▶ [Exercise description]: Give all of the data below again exactly, and drop the images.

▶ [Source material]:

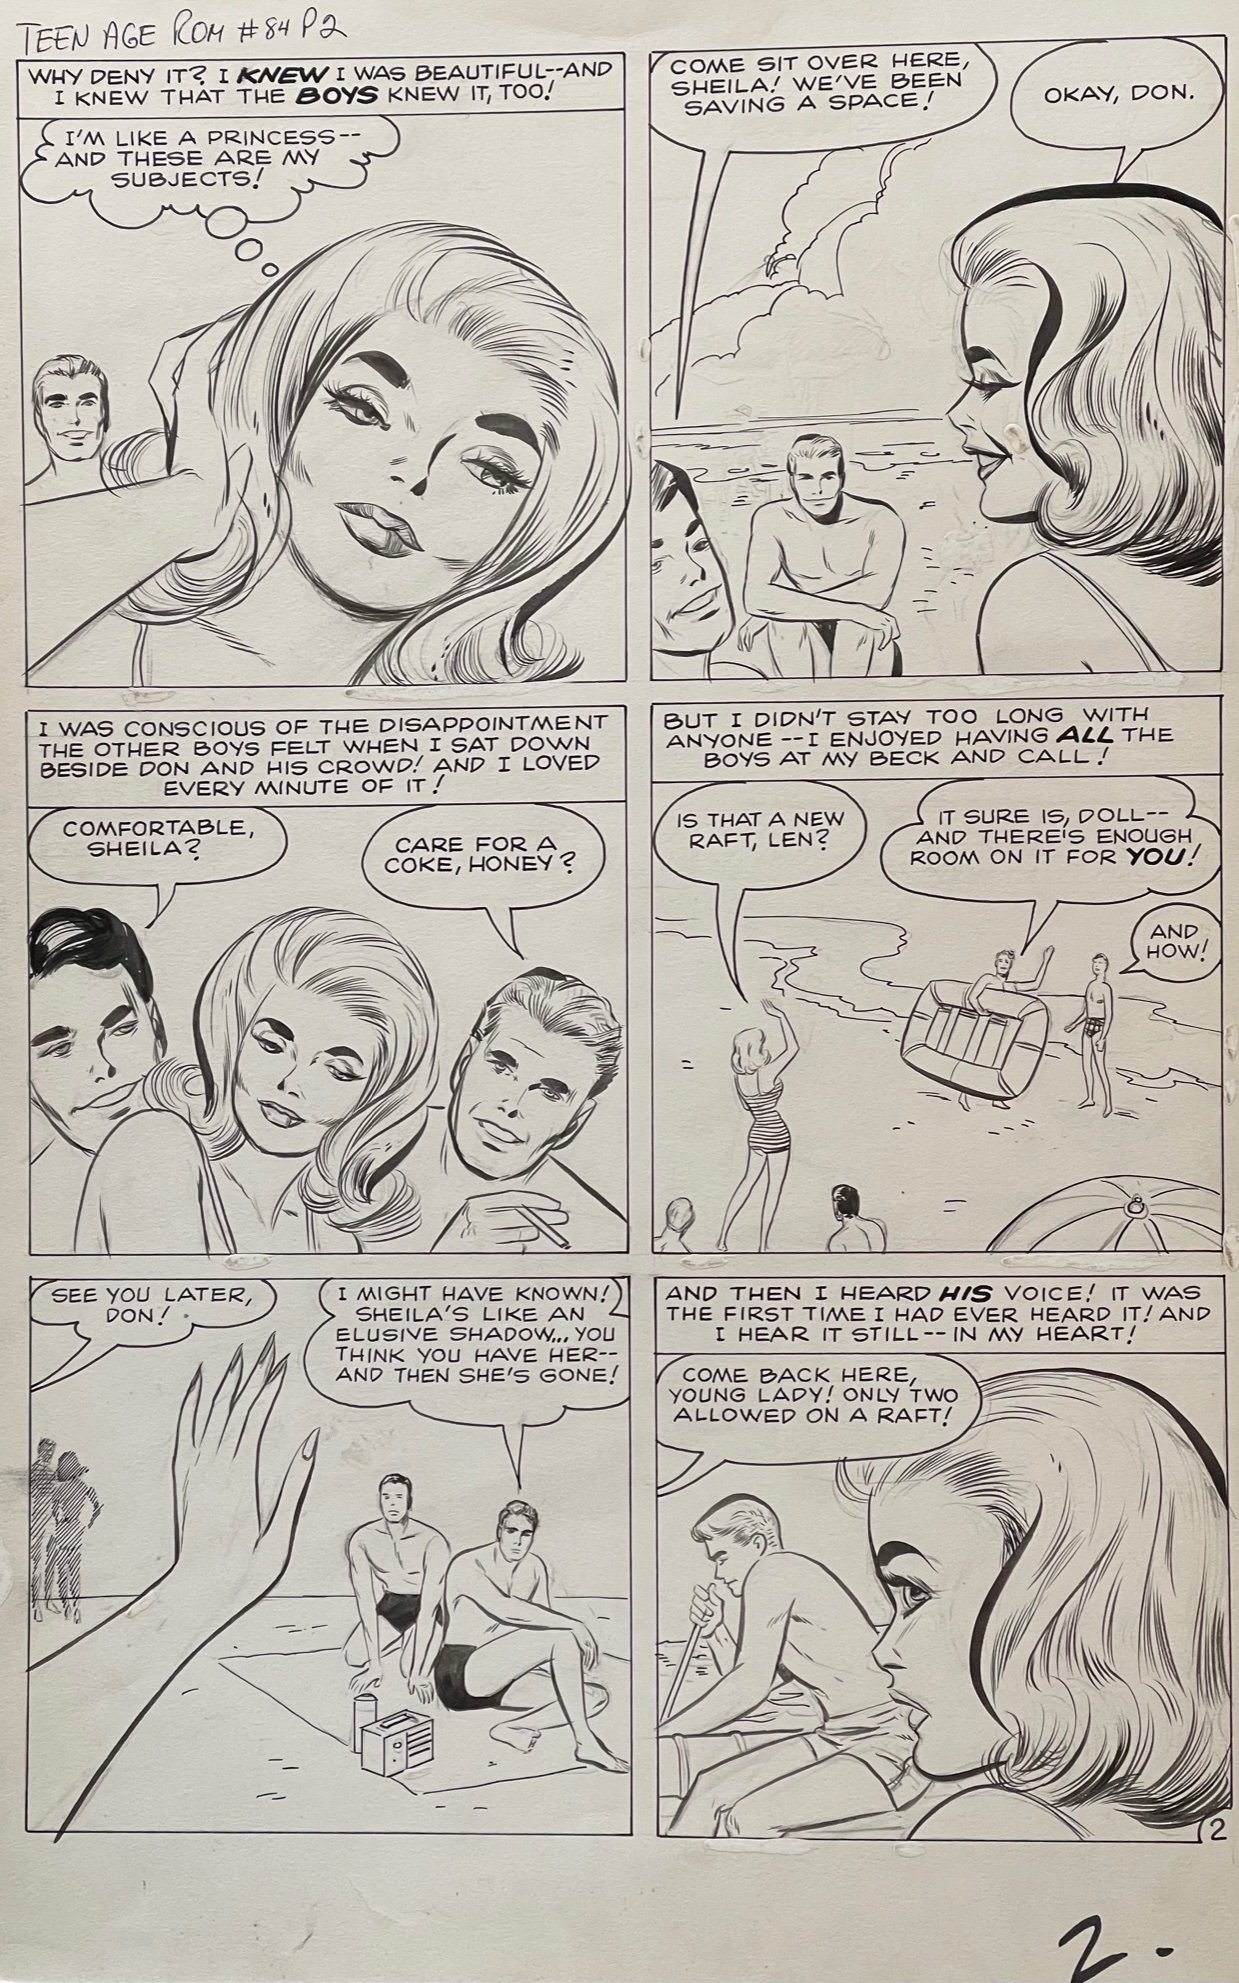 Jack Kirby Teenage Romance # 84 The Summer Must End Page 2, in David ...
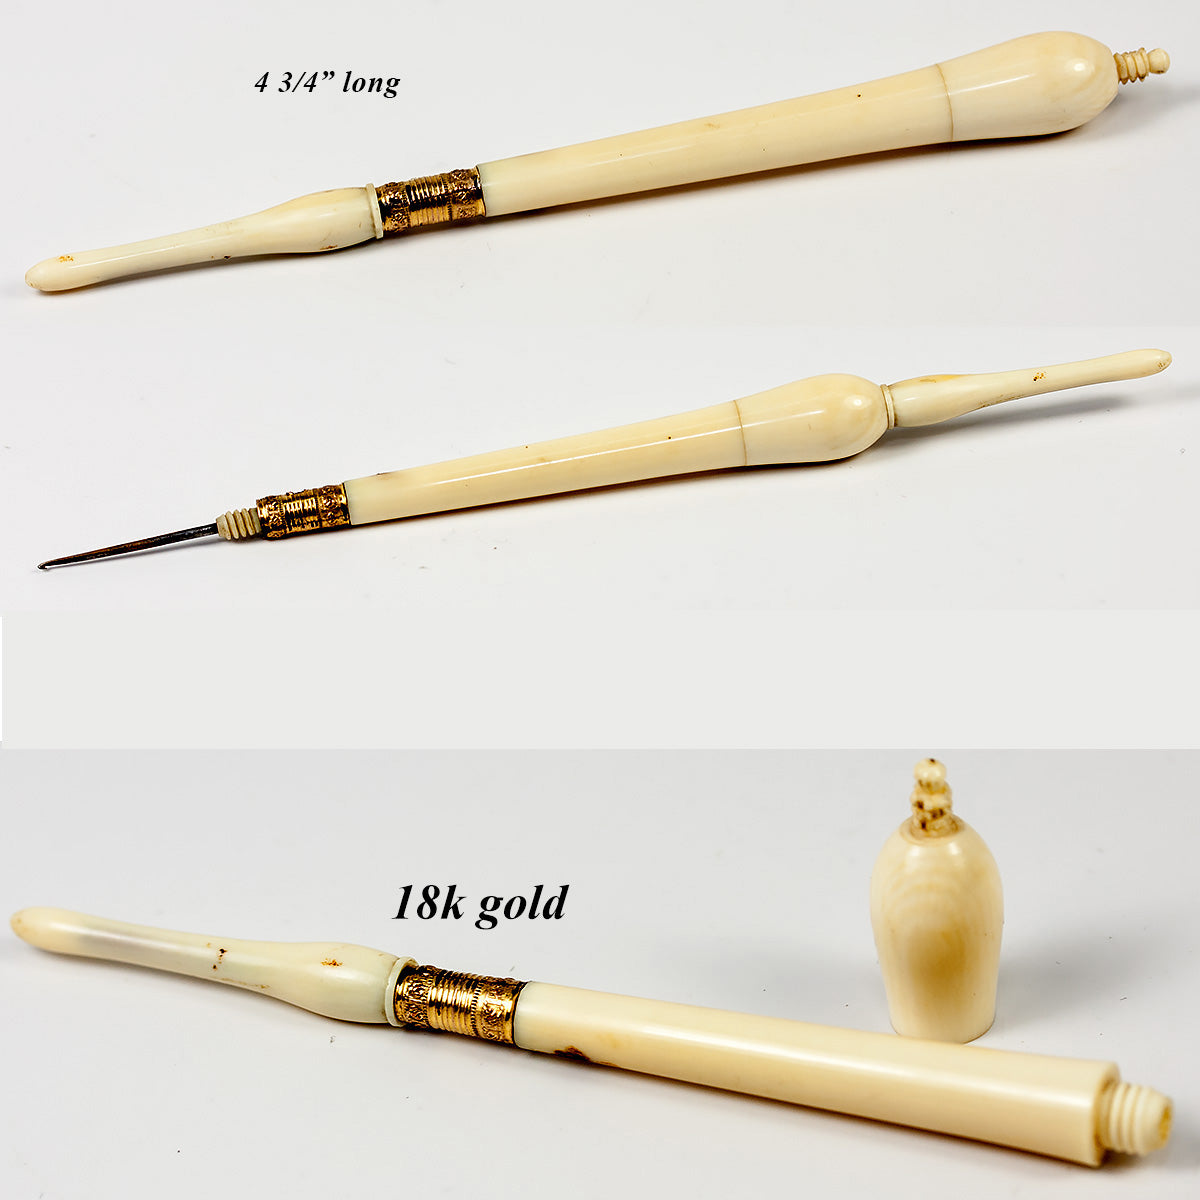 Antique Palais Royal Crochet Hook, Tambour, Ivory and 18k Gold Fitting, Self-encasing Case, Handle
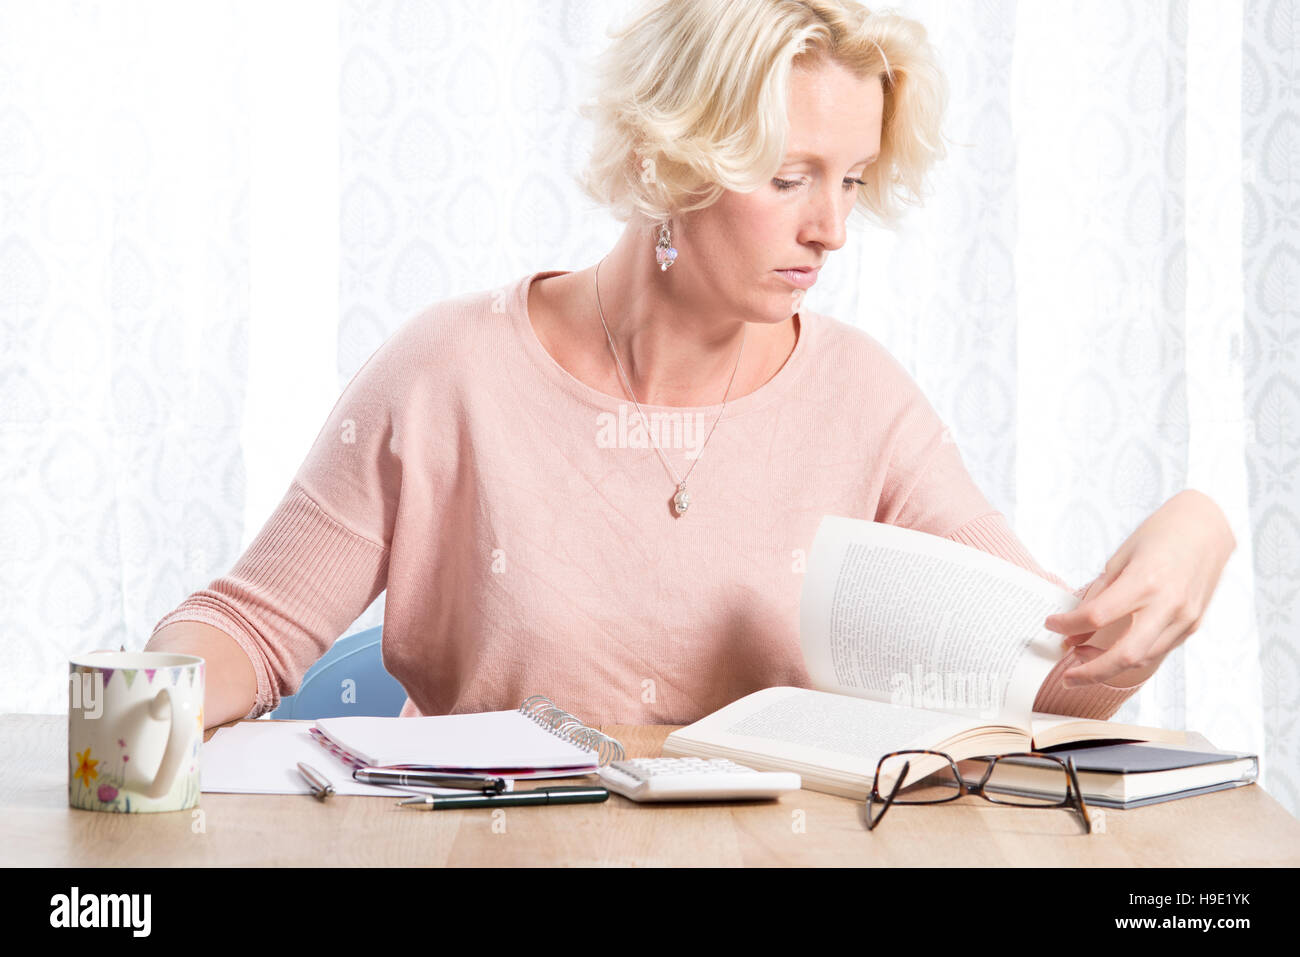 A blonde woman casually dressed in a pink jumper with necklace turns the page of a book while researching some work.  She sits at a wooden desk with a Stock Photo
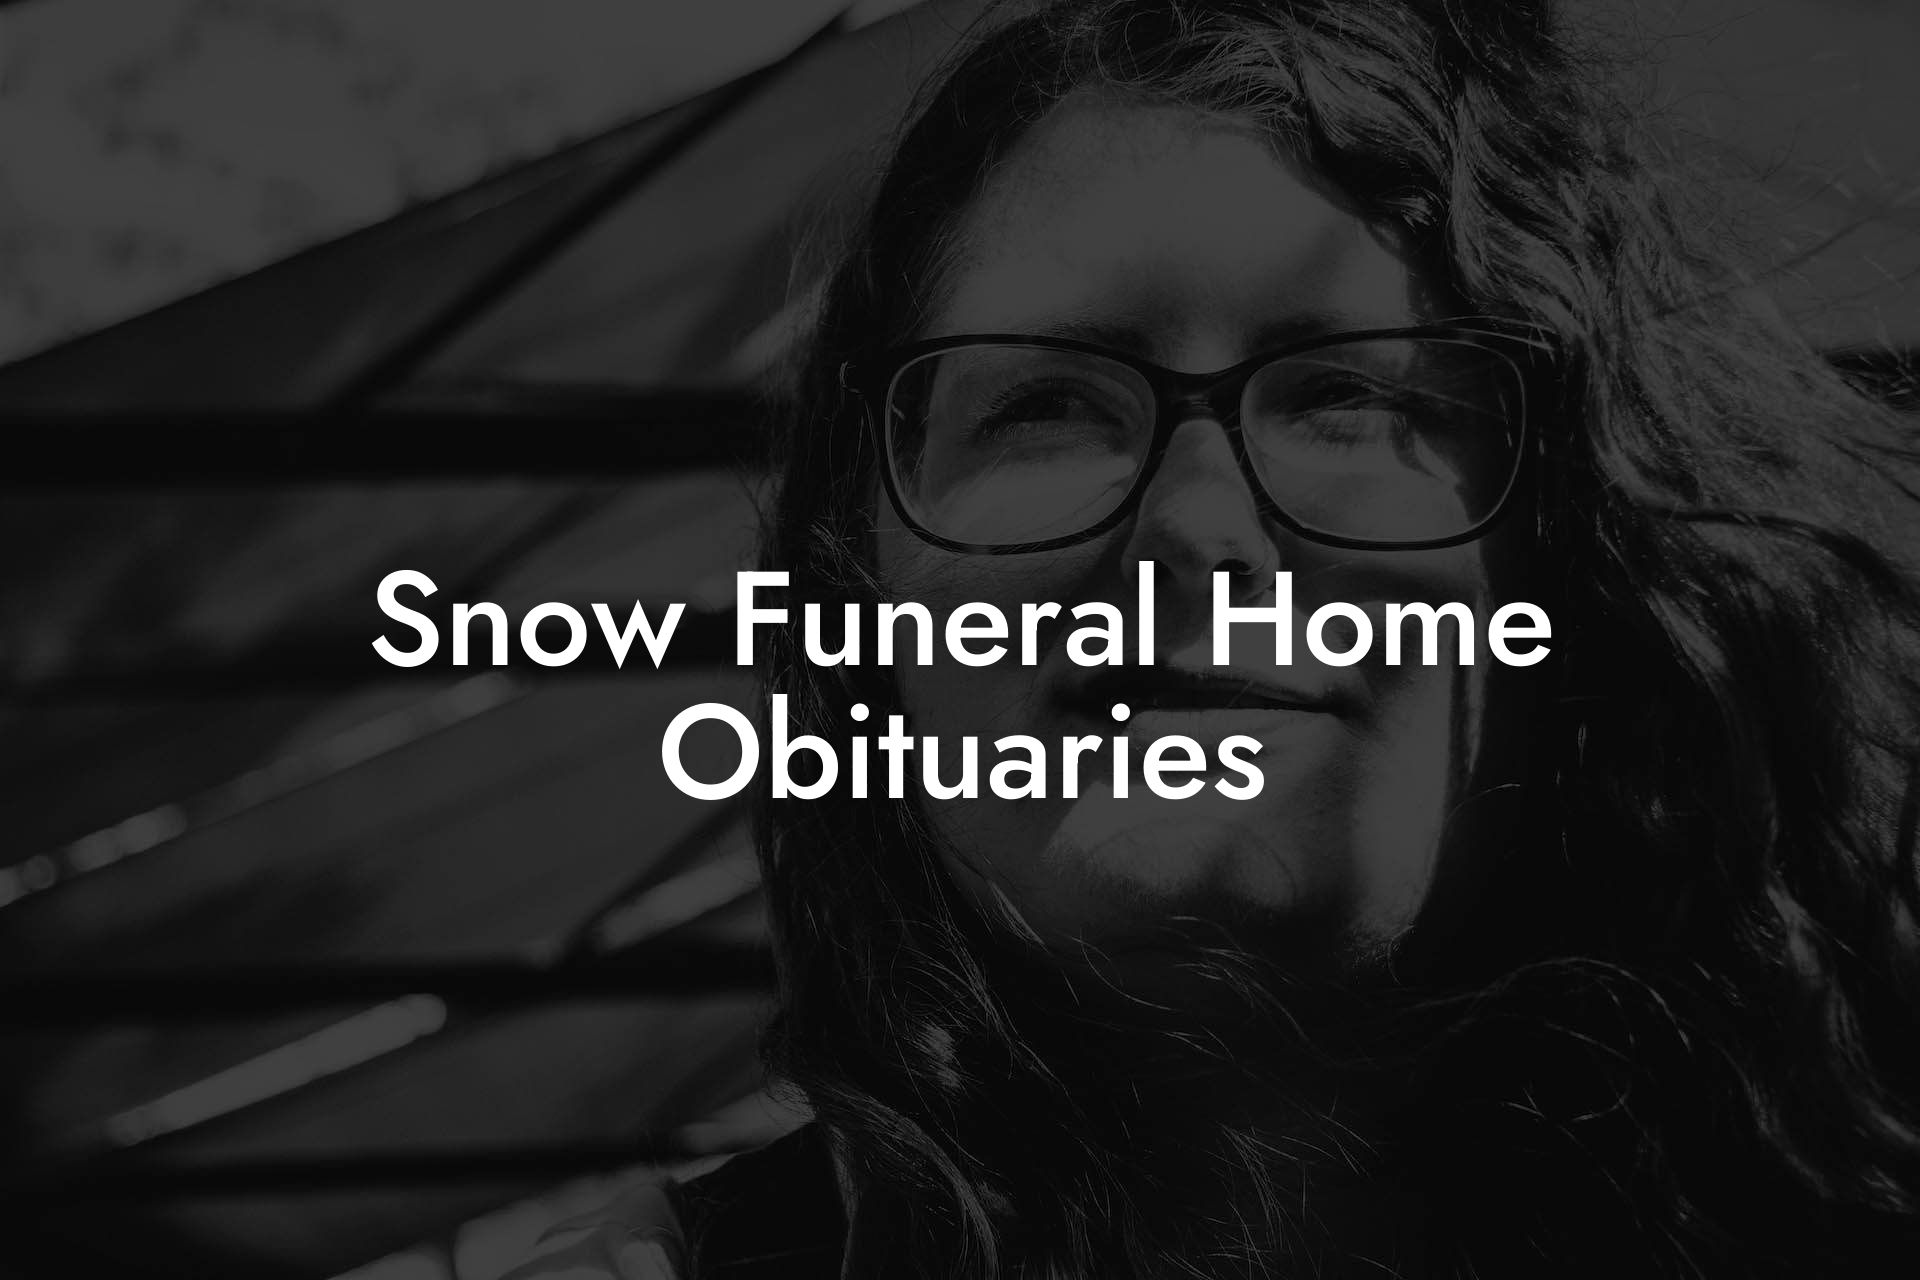 Snow Funeral Home Obituaries

▶ [Answer box]:
 Jack Kirby Teenage Romance # 84 The Summer Must End Page 2, in David ...
 Antique Palais Royal Crochet Hook, Tambour, Ivory and 18k Gold Fitting, Self-encasing Case, Handle
 A blonde woman casually dressed in a pink jumper with necklace turns the page of a book while researching some work.  She sits at a wooden desk with a Stock Photo
 Snow Funeral Home Obituaries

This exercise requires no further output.